The current Chairman Enquiries & Anti-Corruption Establishment is Dr. Muhammad Nawaz Shaikh.

The Chairman Enquiries & Anti-Corruption Establishment, commonly referred to as Chairman Anti-Corruption, is to head the Enquiries and Anti-Corruption Establishment. The position of Chairman E&ACE is usually held by a Grade-21 officer. It is regarded as one of the most senior positions in the Government of Sindh.

Working directly under the Chief Minister and Chief Secretary, the Chairman may take up any pending or fresh enquiry regarding any department.

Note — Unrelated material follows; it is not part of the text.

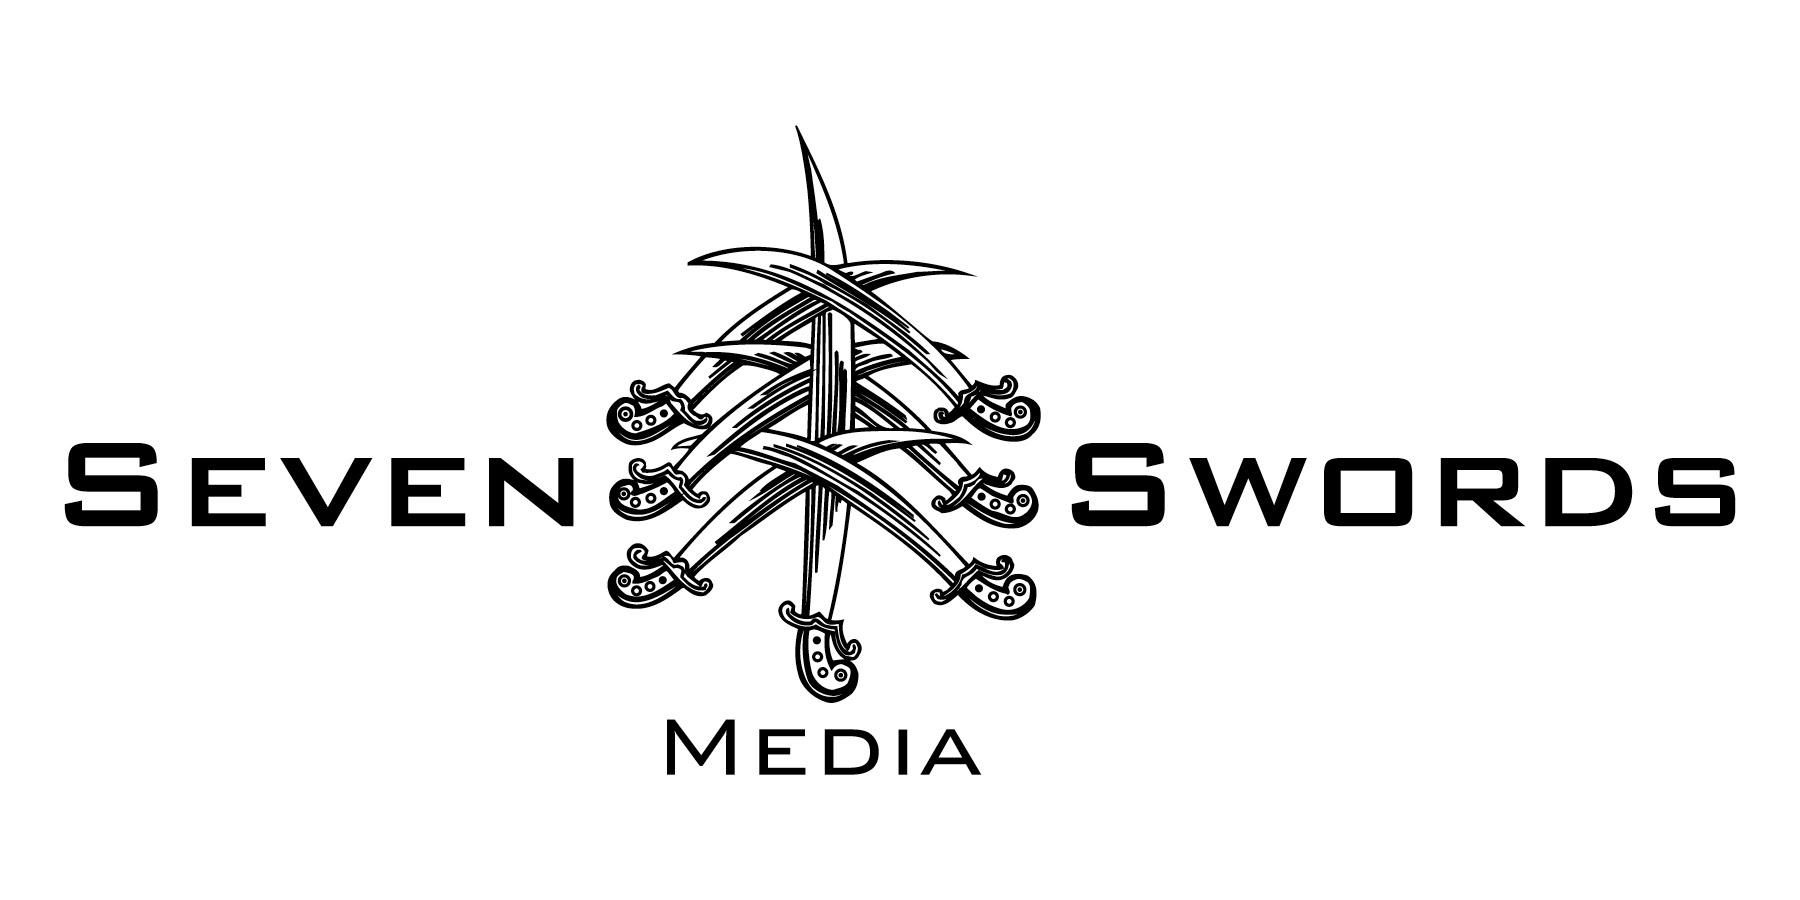 Seven Swords Media

Thus the Chairman has to keep close liaison with Heads of Departments and Divisional Commissioners to unearth cases of corruption. There are 3 levels of committee's in Sindh province. The first and top-most committee is called Provincial Anti-Corruption Committee abbreviated as (ACC-I). The Chairman of ACC-1 is the Chief Secretary, while the Chairman E&ACE is the Secretary and Senior Member. Then there is the Division Anti-Corruption Committee and lastly the District Anti-Corruption Committee.

Chairman E&ACE also commands over the Anti-Corruption Police, which is a specialised force which conducts raids and traps. The Anti-Corruption Police is also used for the protection of higher-ups in the Anti-Corruption Department.